WORK INSTRUCTION ▸
Write out the listing below exactly, and omit any images you find in it.

DATA EXCERPT ▸
******************************

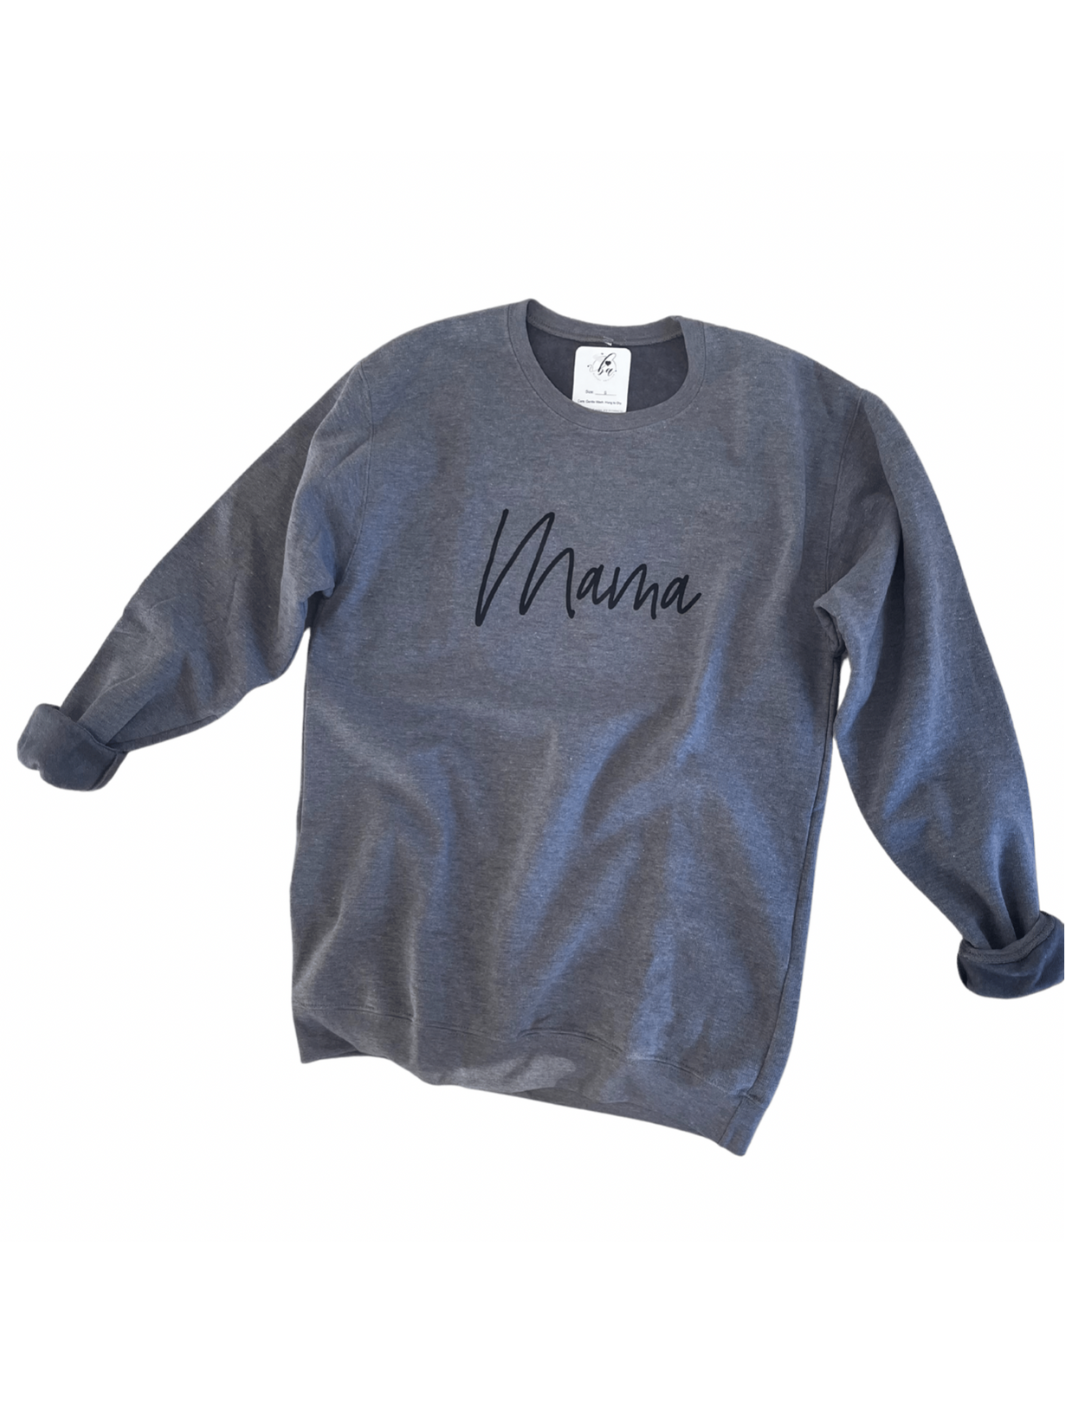 Mama Cozy Crew Neck Sweater (2 left in XS)
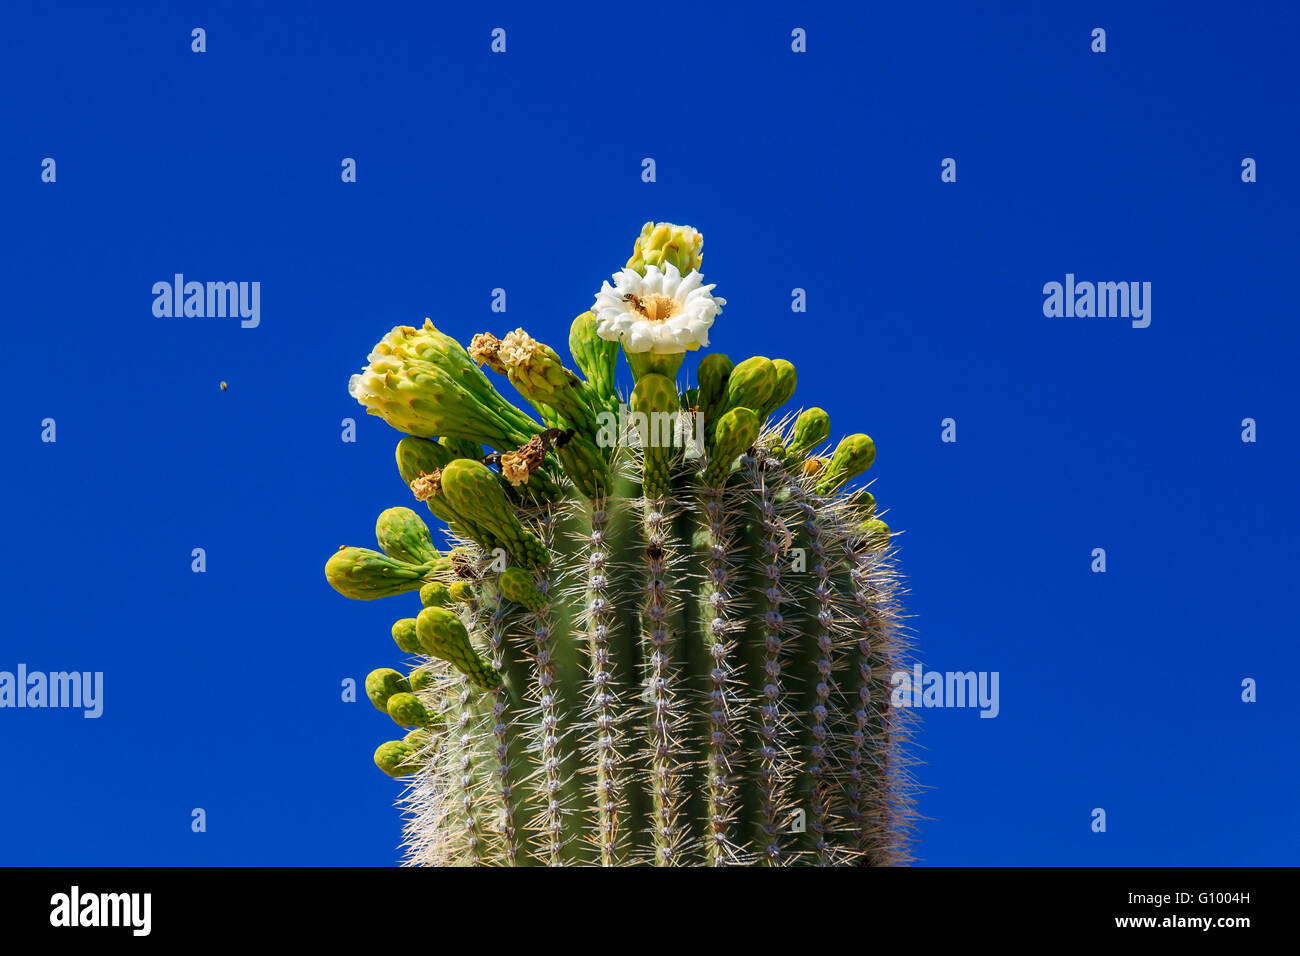 Una Mujer Fotografía A Las Flores En Una Rama De Cactus Saguaro
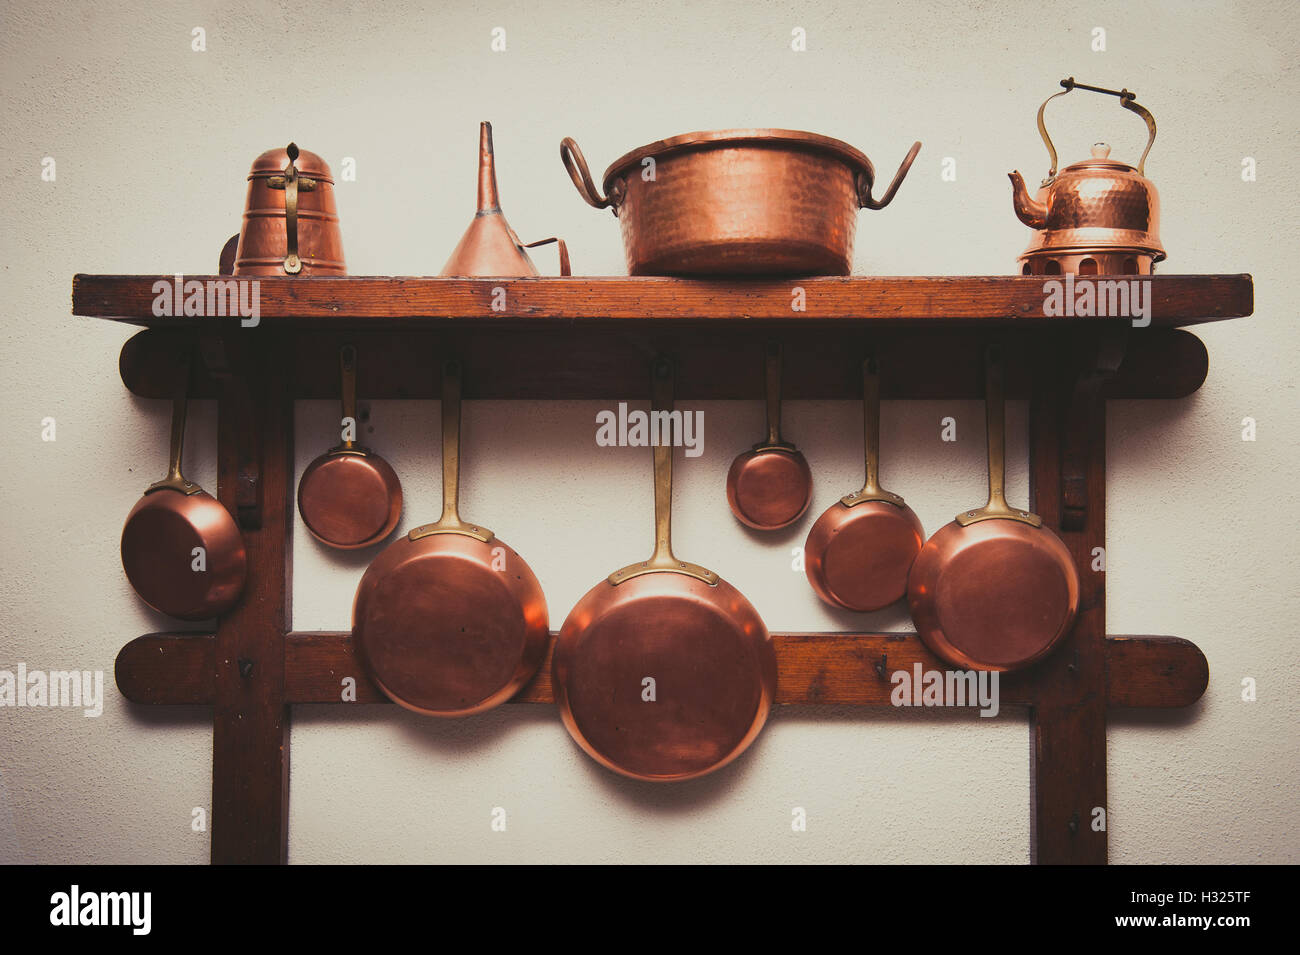 Utensilios de cocina blanco y cobre, juego de utensilios de cocina de cobre  de 18 piezas, incluye soporte para utensilios de cobre, tazas y cucharas

******************************

OUTPUT OF THE TASK ▸
 Mama Cozy Crew Neck Sweater (2 left in XS)
 Una Mujer Fotografía A Las Flores En Una Rama De Cactus Saguaro
 Utensilios de cocina blanco y cobre, juego de utensilios de cocina de cobre  de 18 piezas, incluye soporte para utensilios de cobre, tazas y cucharas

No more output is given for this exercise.